I agree with the approach taken by the High Court of Australia because I believe that contract law should, by and large, be left untouched by some of the more extraordinary reforms that are being considered at this time.
The unconscionable conduct provisions inserted into the then Trade Practices Act in the 1990s (now the Competition and Consumer Act), to permit small businesses to challenge what they regard as “unreasonable”, or in the language of the statute “unconscionable” contracts with businesses both big and small, have so far proven to be a failure in our courts.
Very few cases have been run by the Australian Competition and Consumer Commission. There have also been very few private cases and most are lost. Competition is by its very nature very difficult and ruthless and inefficient businesses fail. There are many small businesses, however, that can, and do succeed even if they have to negotiate tough contracts.
As noted earlier, we are about to have introduced into Australian law a broad-based unfair contract regime.
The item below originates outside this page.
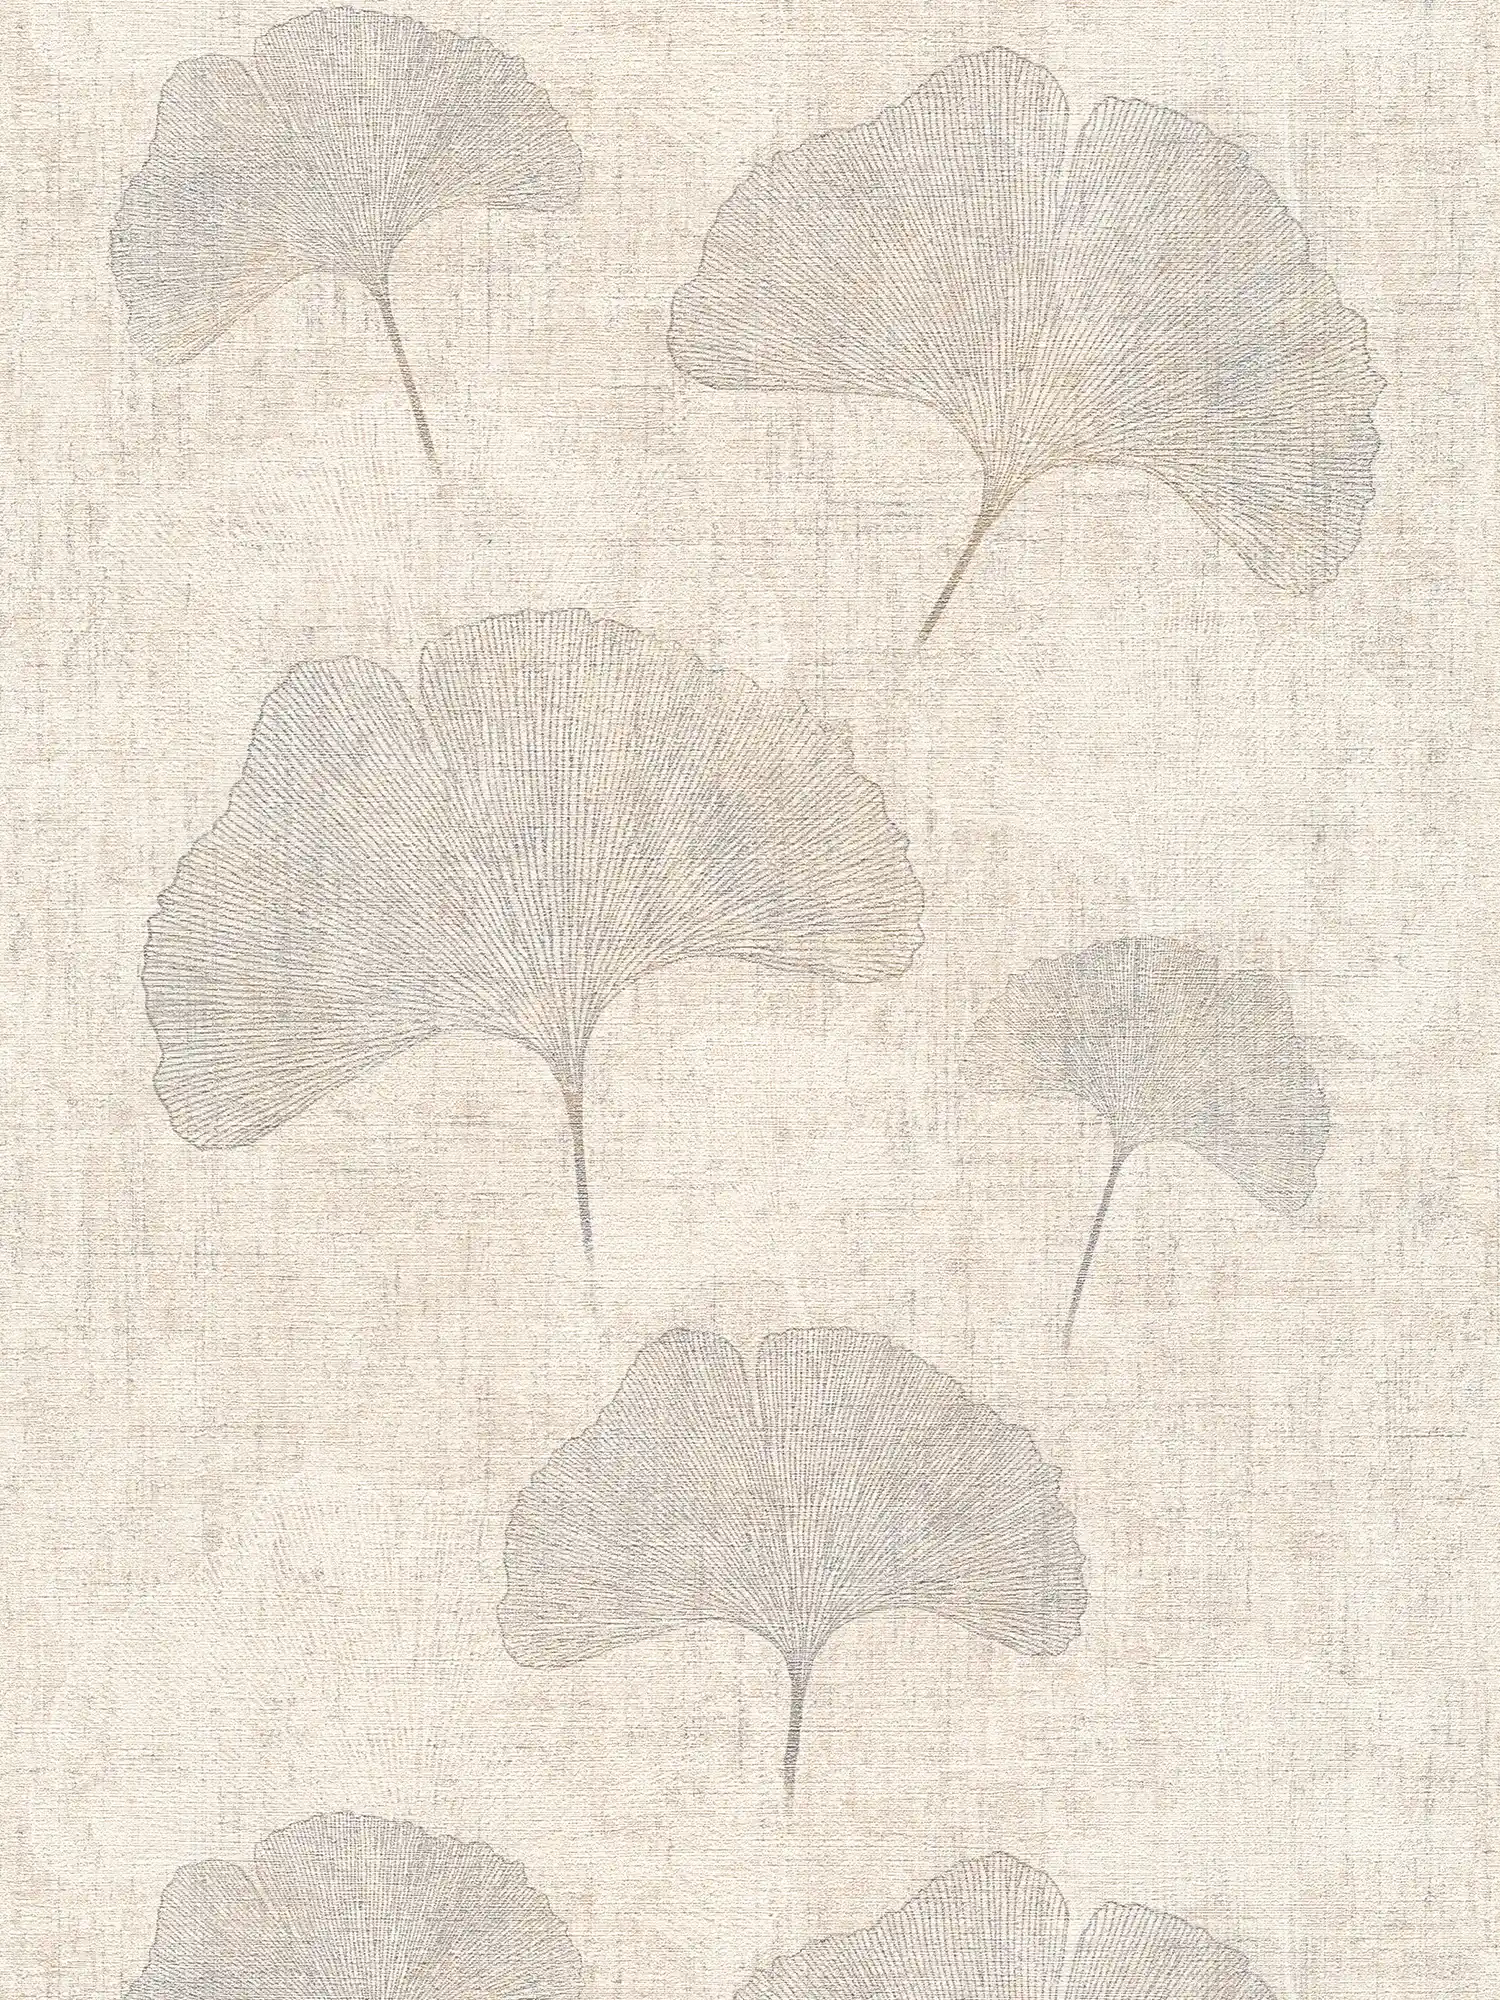 Natürliche Tapete mit Ginko-Blättermuster mit silbernem Metallic-Effekt und Textilstruktur – Beige, Silber, Braun

How broad it will be is as yet uncertain. Minister for Small Business, Bruce Billson, has signalled that the government is determined to create an environment in which small businesses will get what he sees as a “fairer go” in dealing with bigger businesses, or even equally small businesses, where unfair terms are imposed. What is the meaning of unfair? That issue will be of major interest to all lawyers, professional advisers and their clients.
Company directors need to watch out for these changes. They are coming in a number of different ways as noted above.
I hope the wisdom of the majority of the High Court in this case will temper attempts to further undermine the sanctity of the law of contract. This law has operated fairly and efficiently for many hundreds of years. Changing it as dramatically as has been suggested in recent innovations, has only led to significant uncertainty in how the law of contract will be treated in the future.